Extracted records
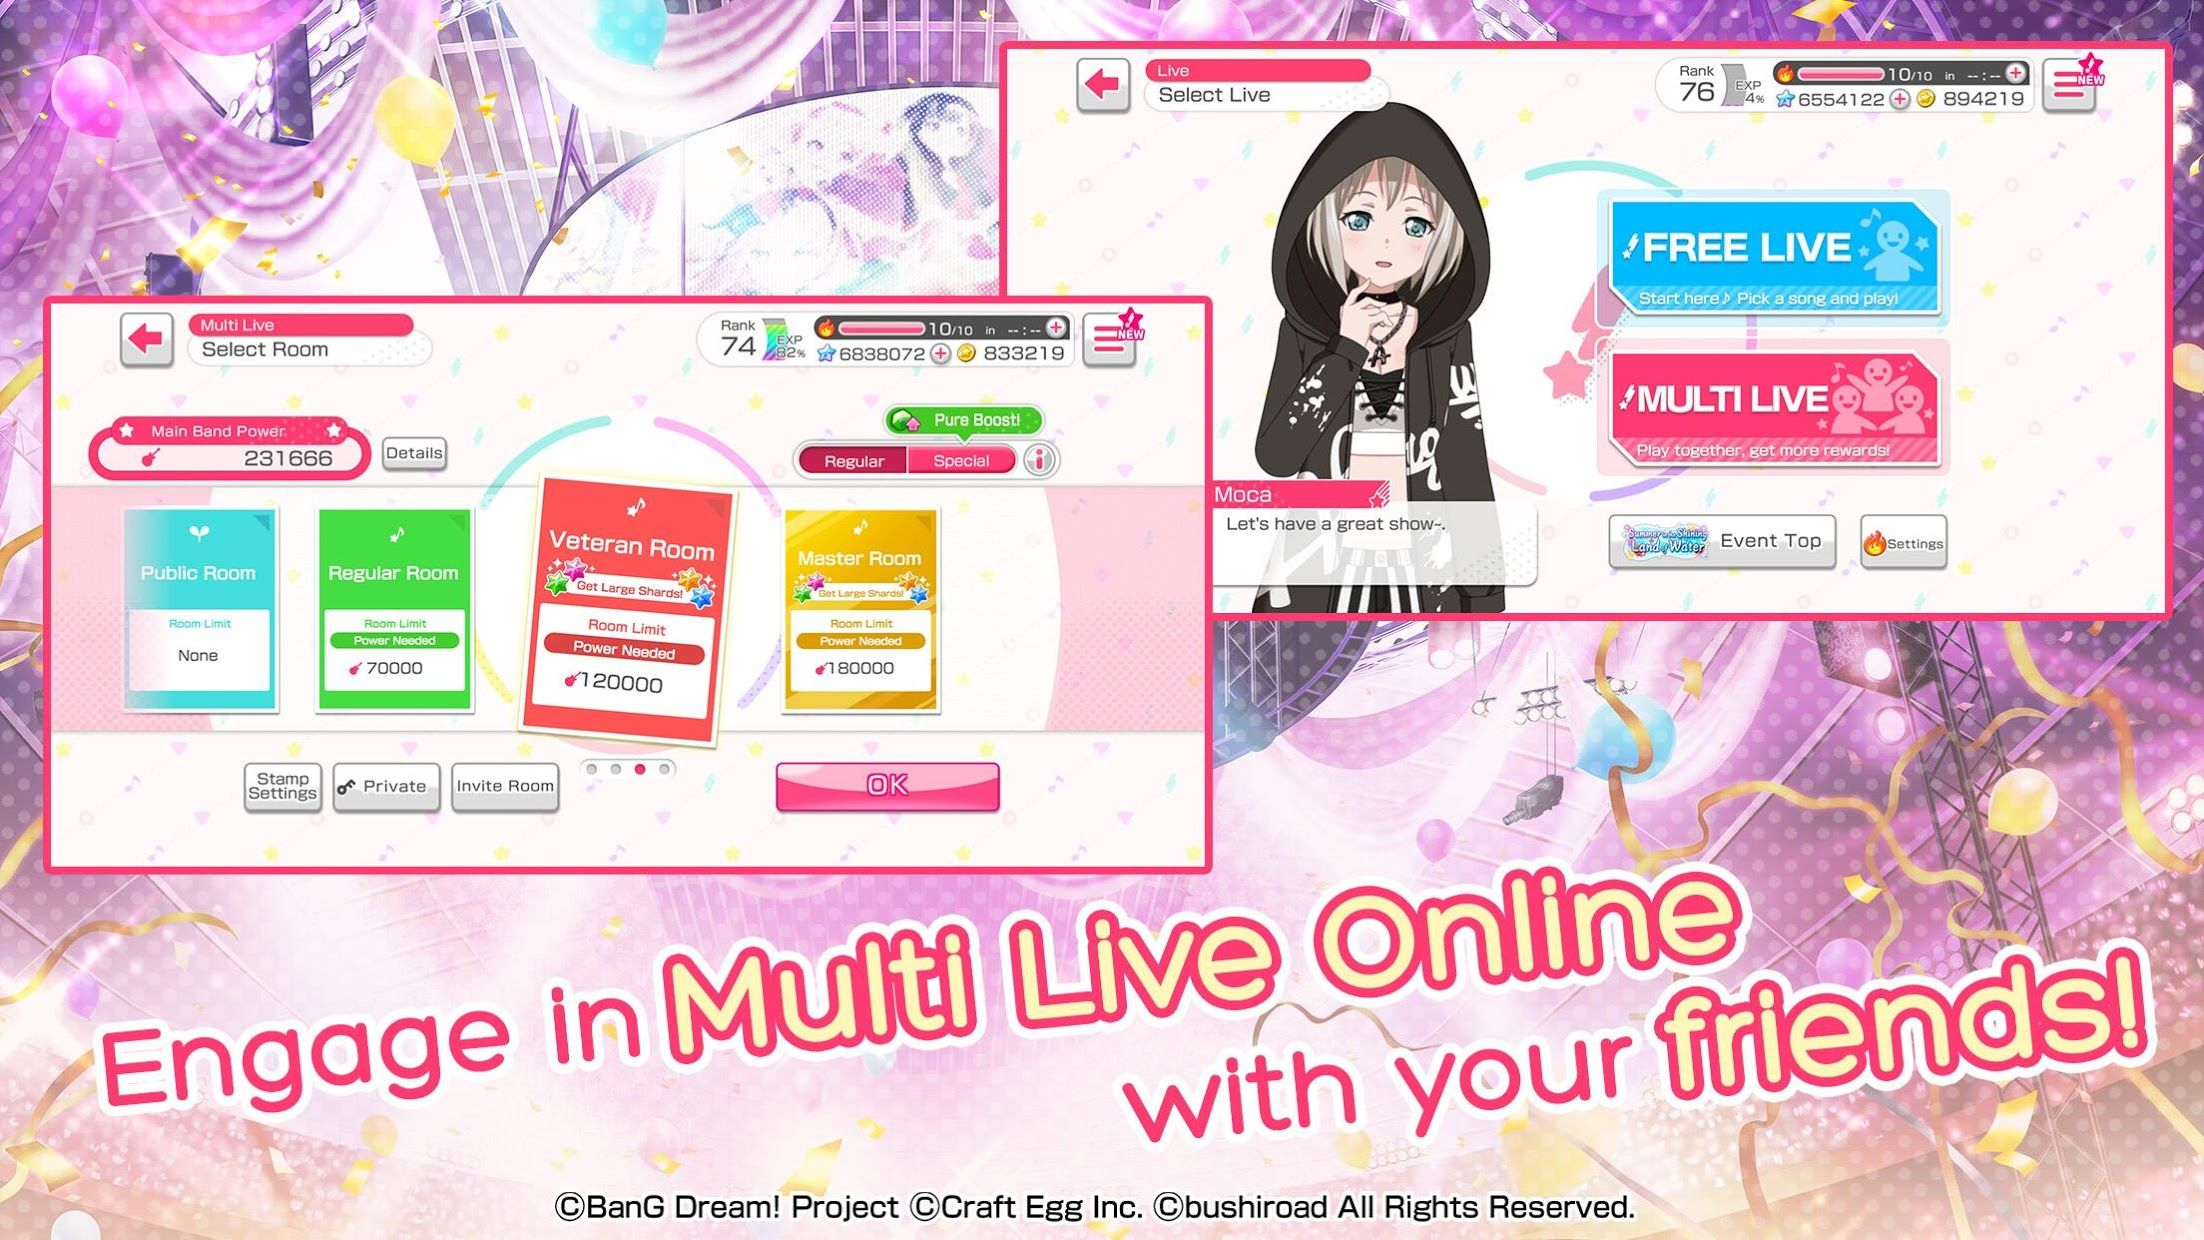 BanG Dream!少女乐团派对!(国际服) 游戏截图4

---

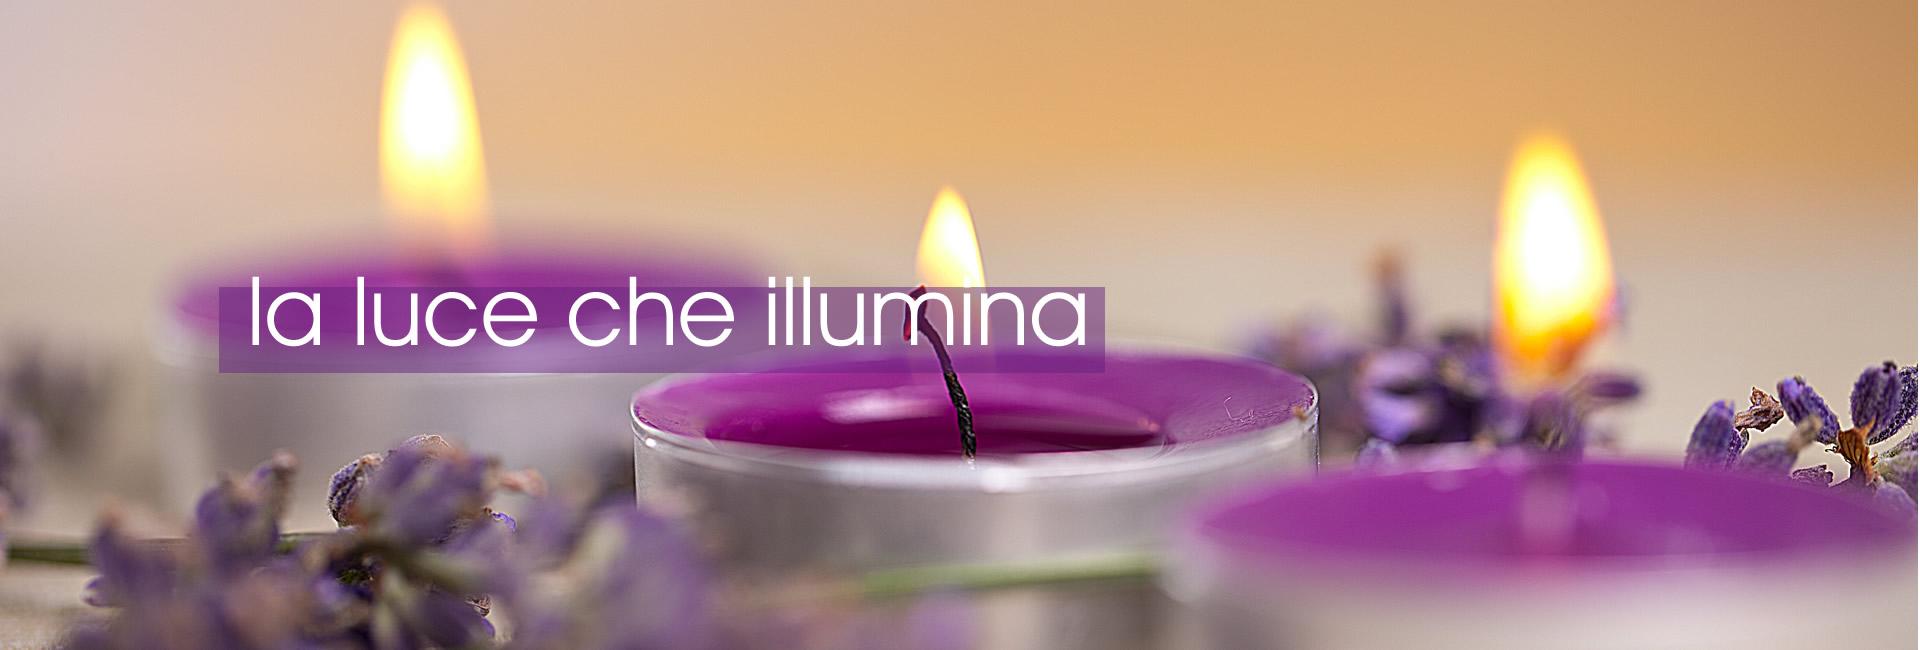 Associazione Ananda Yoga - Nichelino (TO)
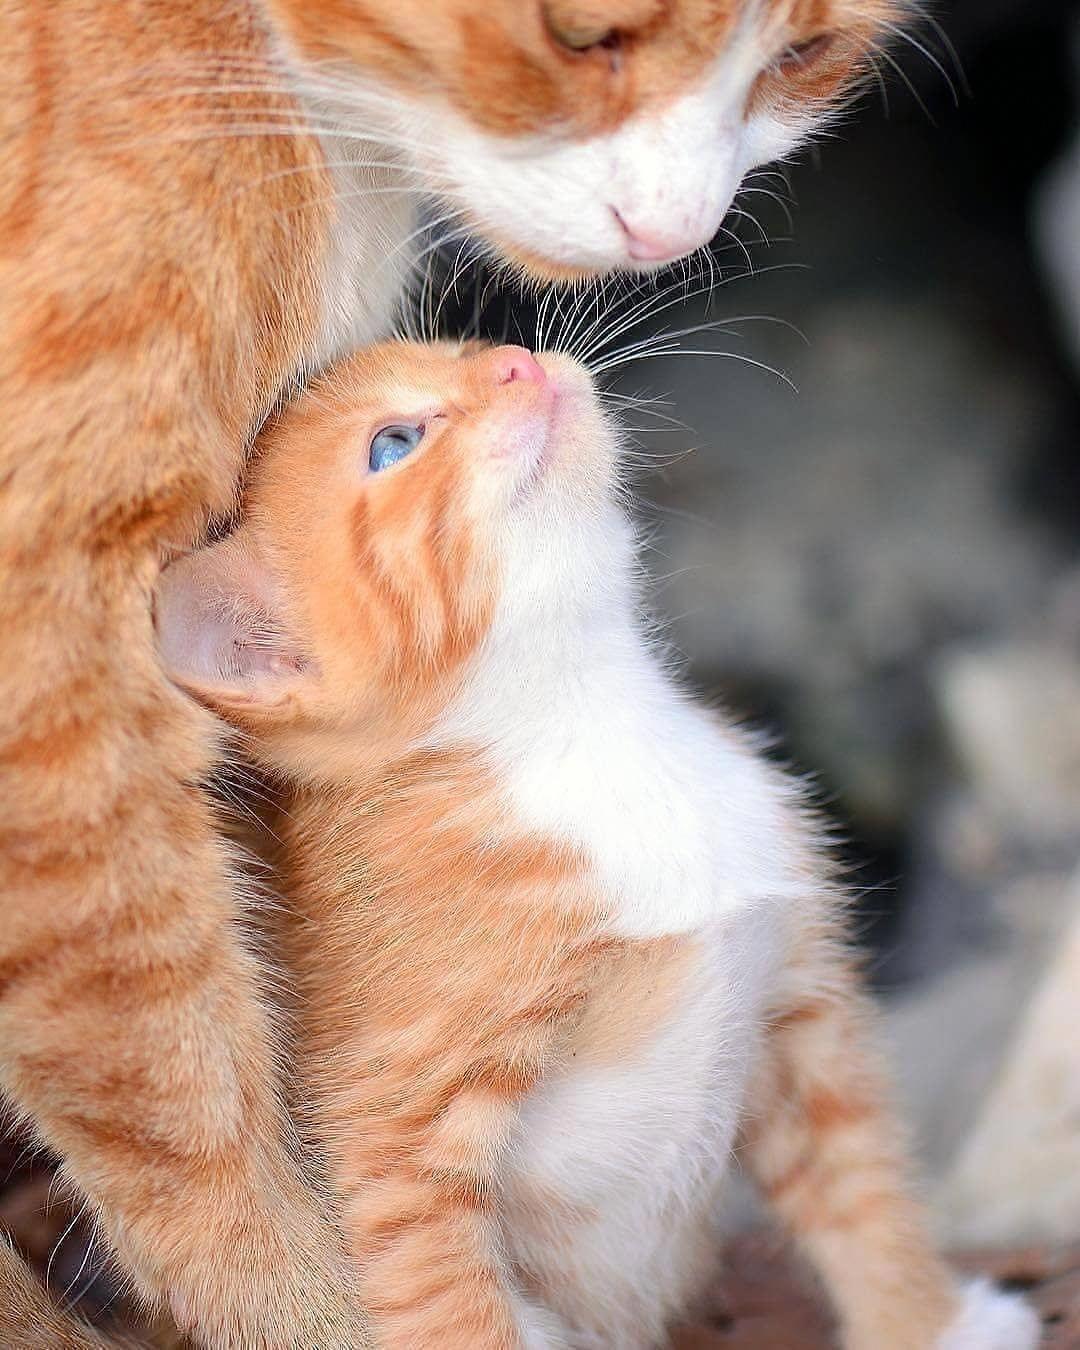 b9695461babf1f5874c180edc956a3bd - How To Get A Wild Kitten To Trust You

Task prompt
What belongs in the answer is each line above from the line with "Associazione Ananda Yoga - Nichelino (TO)" to the line with "b9695461babf1f5874c180edc956a3bd - How", inclusive, reproduced exactly and free of pictures.

The completed task
 Associazione Ananda Yoga - Nichelino (TO)
 b9695461babf1f5874c180edc956a3bd - How To Get A Wild Kitten To Trust You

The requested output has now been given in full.